Getting a tattoo can be both exhilarating and nerve-racking, but to the more experienced, the pain is worth it.
A few questions can cross first-timers minds: Is it going to hurt, and where is it going to hurt the least?
Some of the most painful spots to get a tattoo are obvious. The genital region is typically a no-no, even for somebody who has had their share of tattoos. Nevertheless, tattoos in general are going to be painful because the process involves a series of needles being dragged across the skin to make sure ink stays where it’s supposed to.
Parts of the body with a large amount of veins or very little fat will hurt the most.
There are three pain levels; most discomfort, some discomfort and least discomfort.
The face, head, neck, throat, chest for men, ribcage, elbow, knee and feet are among those under the most discomfort section.

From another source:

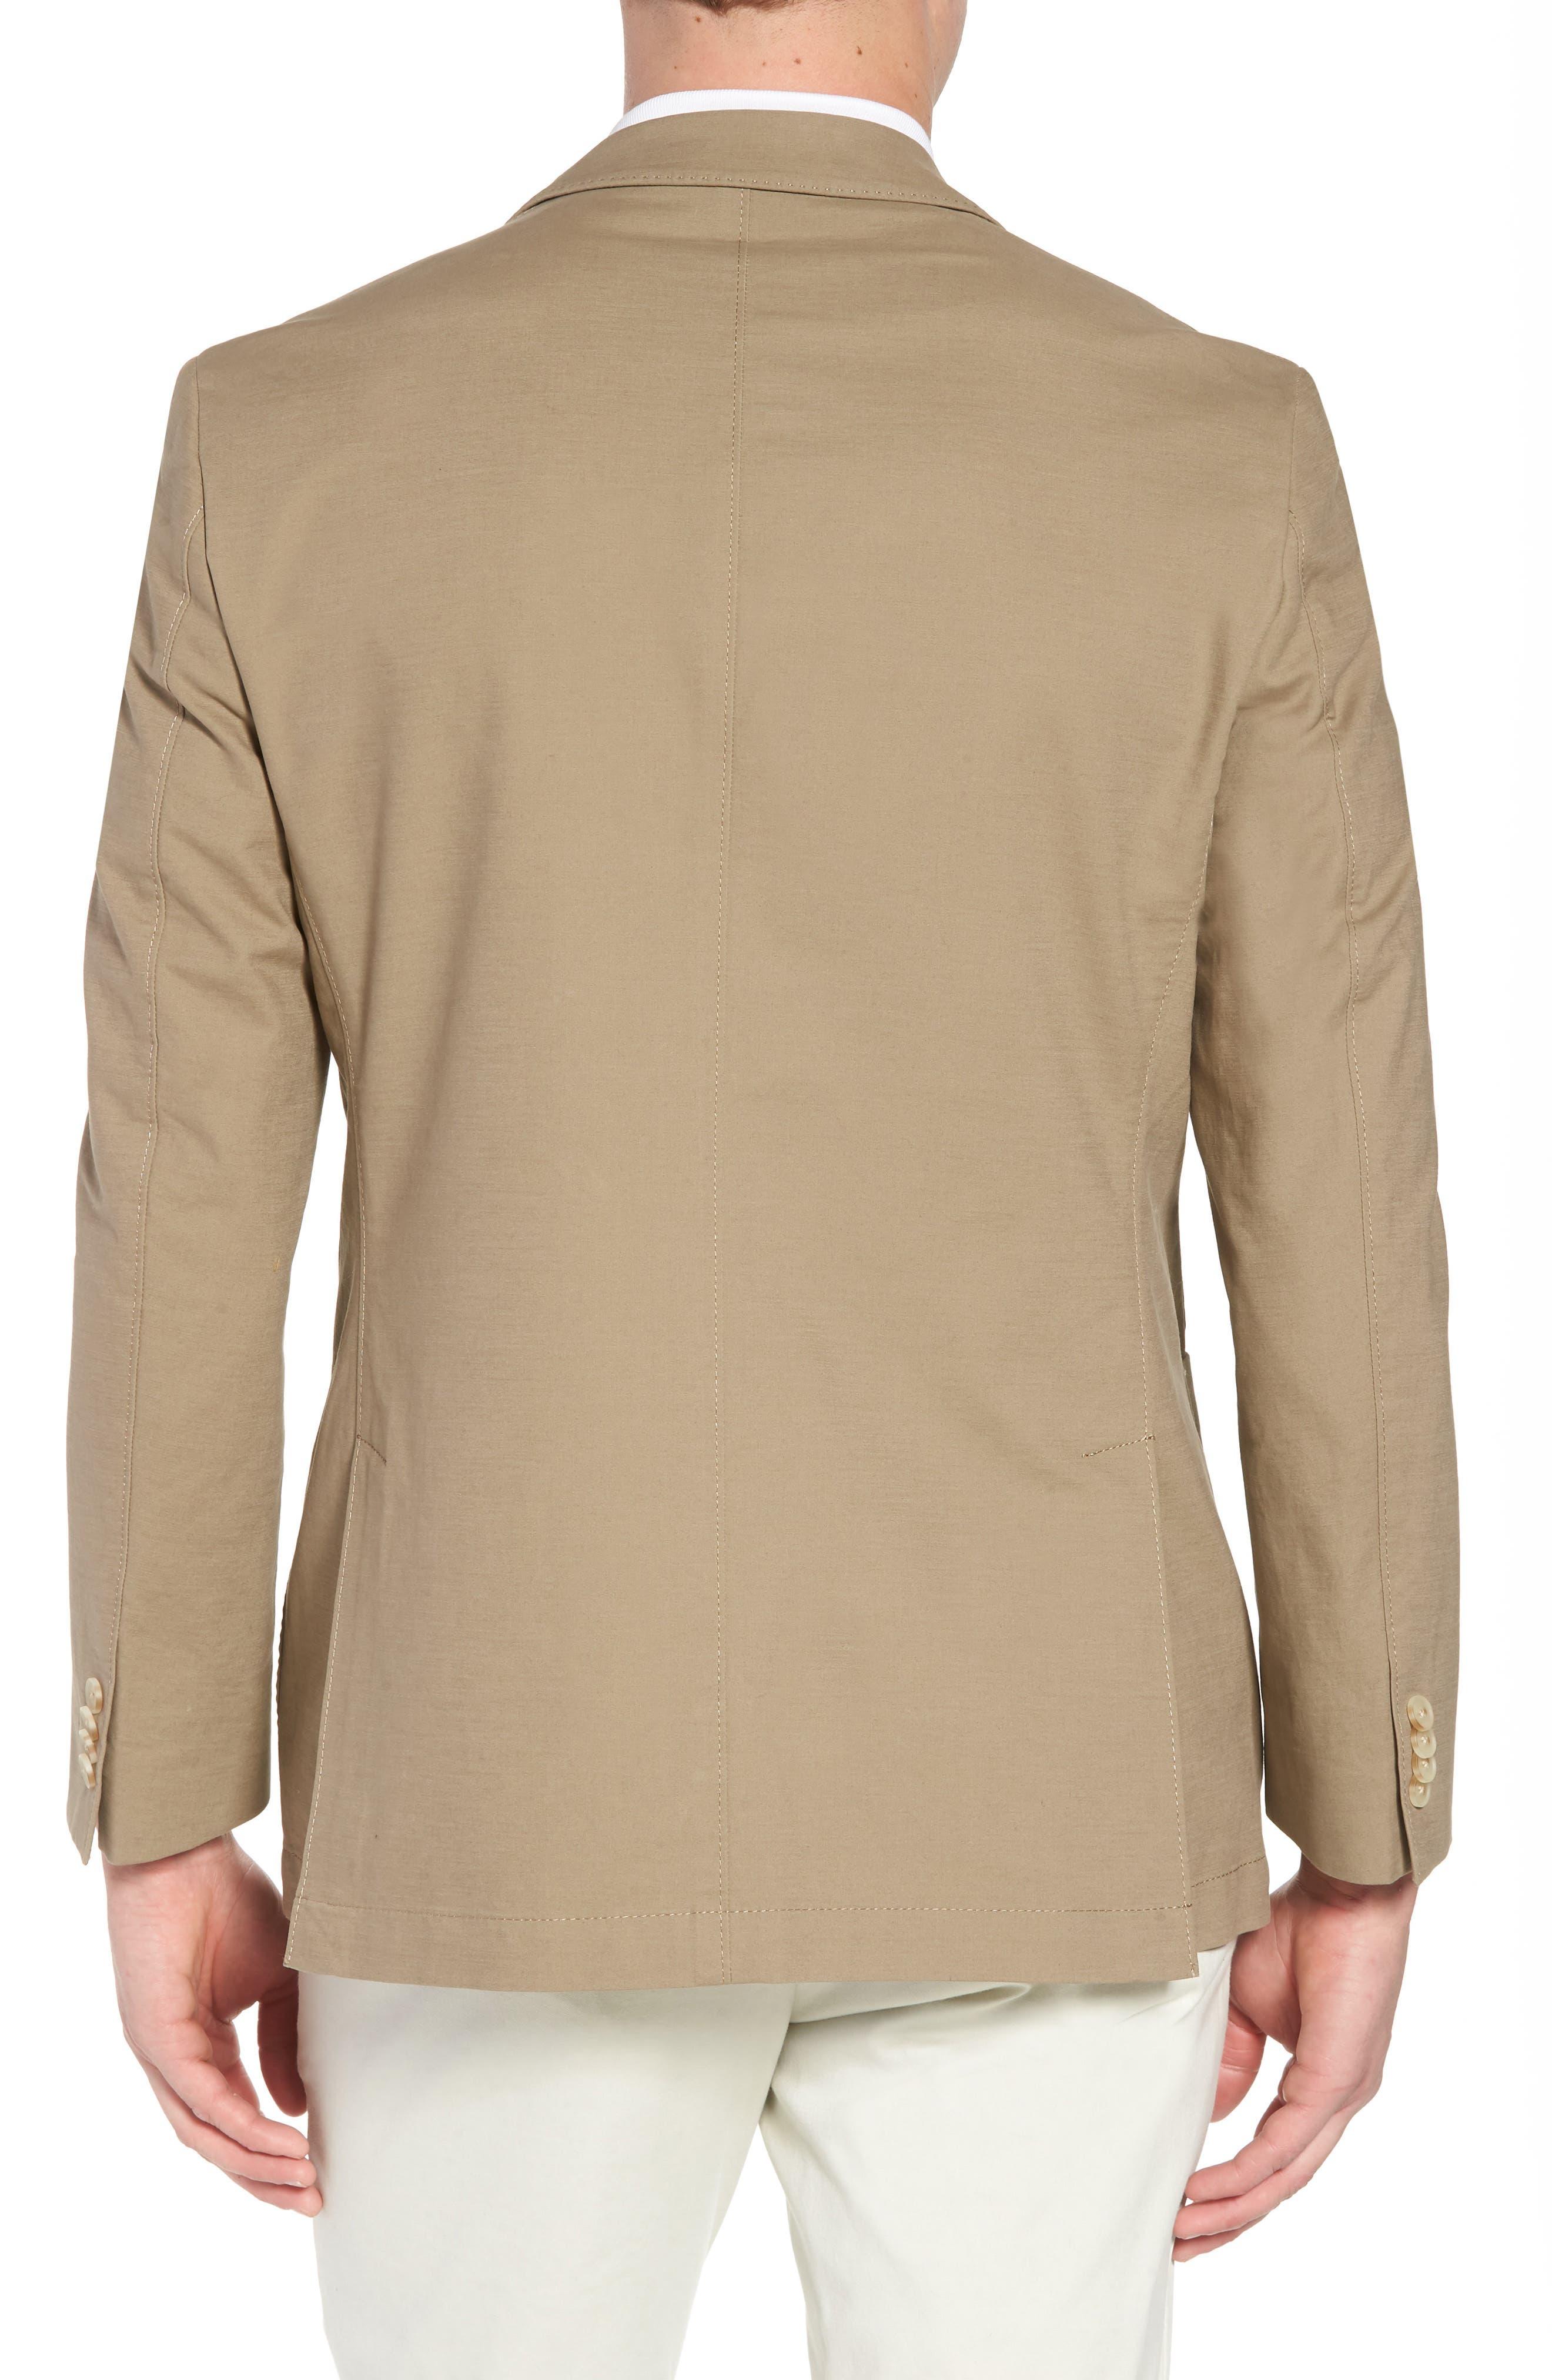 Bono AIM Classic Fit Stretch Cotton Blazer,                             Alternate thumbnail 2, color,                             252

For women, the breast, stomach, lower back and upper shoulder are under some discomfort.
The outer arm, forearm, calves, shoulder and buttocks on both males and females, exhibit the least amount of discomfort.
Some, however, may disagree with the aforementioned pain levels because pain tolerance is different among the population and some may handle areas better than others.
Christina Crawford, a Pierce College Puyallup student, went under the needle for the first time in December with her artist, Colton Keough, who works at Tattoo Machine in Puyallup.
“Getting my first tattoo was not quite what I expected. I knew it wasn’t supposed to be a pleasant experience, but the type of pain was much more startling than I expected,” Crawford said. “It made me think of being slowly cut by a razorblade, except it was something I could tolerate for four hours. The worst parts were the parts that went over bone, like my spine, and also the right side of my spine, I’m right-handed. Apparently there are a lot more nerves on the side of your dominant hand.”
Tattoos can be a great form of expression, but an expensive one.
Make sure to always research the tattoo shop and the artists themselves. Also, never feel bad about asking an artist or three to draw up something and decide they aren’t the particular artist for that style of tattoo.
“My tattoo artist did a great job drawing and refining the design, and gave a lot of attention to detail when applying it to my skin,” Crawford said. “The pain does become more difficult to handle over time, so be prepared to take breaks or know how long you can be under the needle.”
Another great piece of advice is to not jump into a tattoo, because regret and removal of a tattoo aren’t fun experiences and usually end up being more expensive than the tattoo itself.
Figure out a tattoo that would fit on the body and wait. Give it six months or a year before getting it done. If the urge for the tattoo is as strong as it was in the beginning, then the tattoo was meant to be.